On Tue, Mar 16, 2021 at 9:37 AM Martin Larralde @.***> wrote:

Done !

However, enough people have had trouble getting HMMER to work under Rosetta that it'd be very useful to have a native ARM version.

Exactly, we are using HMMER3 to annotate with Pfam in one of our tools, and portability is more of an issue than performance, given we analyse small sequences and that some of our end-users are using the new Macbook as well.

— You are receiving this because you commented. Reply to this email directly, view it on GitHub https://github.com/EddyRivasLab/easel/pull/57#issuecomment-800264628, or unsubscribe https://github.com/notifications/unsubscribe-auth/ABDJBZBF2NQD6J22GW6OUPTTD5NJZANCNFSM4ZFK732A .

npcarter commented 3 years ago

Hello,

Would you be willing to create a second pull request for your ARM code?
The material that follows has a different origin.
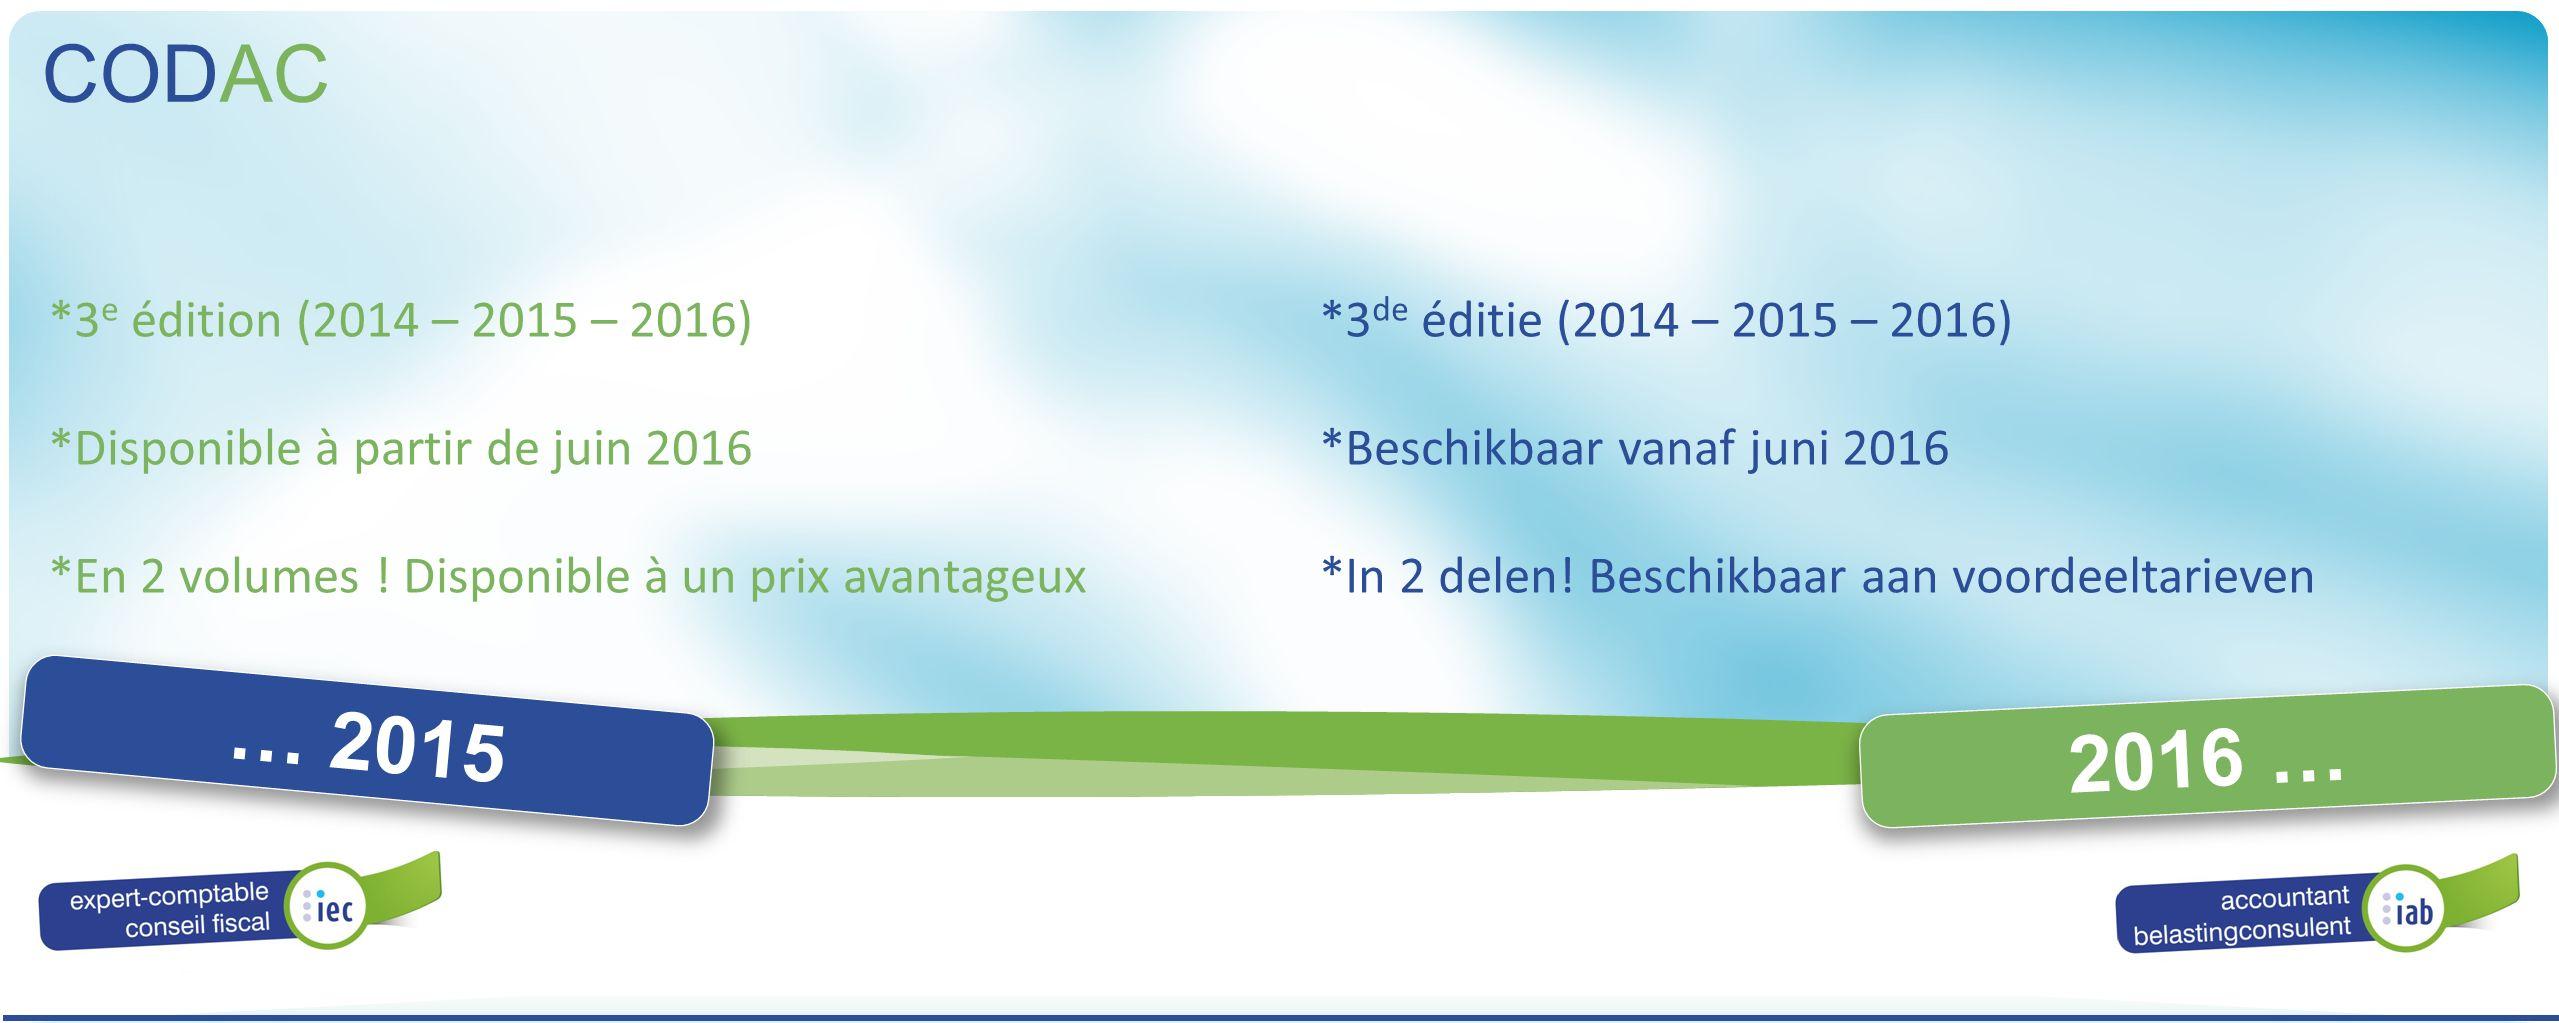 ALGEMENE VERGADERING ASSEMBLÉE GÉNÉRALE 2016 … 2015 CODAC 2016 … *3 e édition (2014 – 2015 – 2016) *Disponible à partir de juin 2016 *En 2 volumes .

Because you started with h3-develop, there were a bunch of unrelated changes that had been added to h3-develop since I created h3-arm that made it harder to see what was your code and what was ours. I've updated h3-arm off of h3-develop, so if you create a new pull request, it should just be your stuff, which will be much easier to review.

Thanks,

-Nick

On Tue, Mar 16, 2021 at 9:37 AM Martin Larralde @.***> wrote:

Done !

However, enough people have had trouble getting HMMER to work under Rosetta that it'd be very useful to have a native ARM version.

Exactly, we are using HMMER3 to annotate with Pfam in one of our tools, and portability is more of an issue than performance, given we analyse small sequences and that some of our end-users are using the new Macbook as well.

— You are receiving this because you commented. Reply to this email directly, view it on GitHub https://github.com/EddyRivasLab/easel/pull/57#issuecomment-800264628, or unsubscribe https://github.com/notifications/unsubscribe-auth/ABDJBZBF2NQD6J22GW6OUPTTD5NJZANCNFSM4ZFK732A .

althonos commented 3 years ago

Hi @npcarter : I rebased to h3-arm, you can check the new pull request hmmer#233.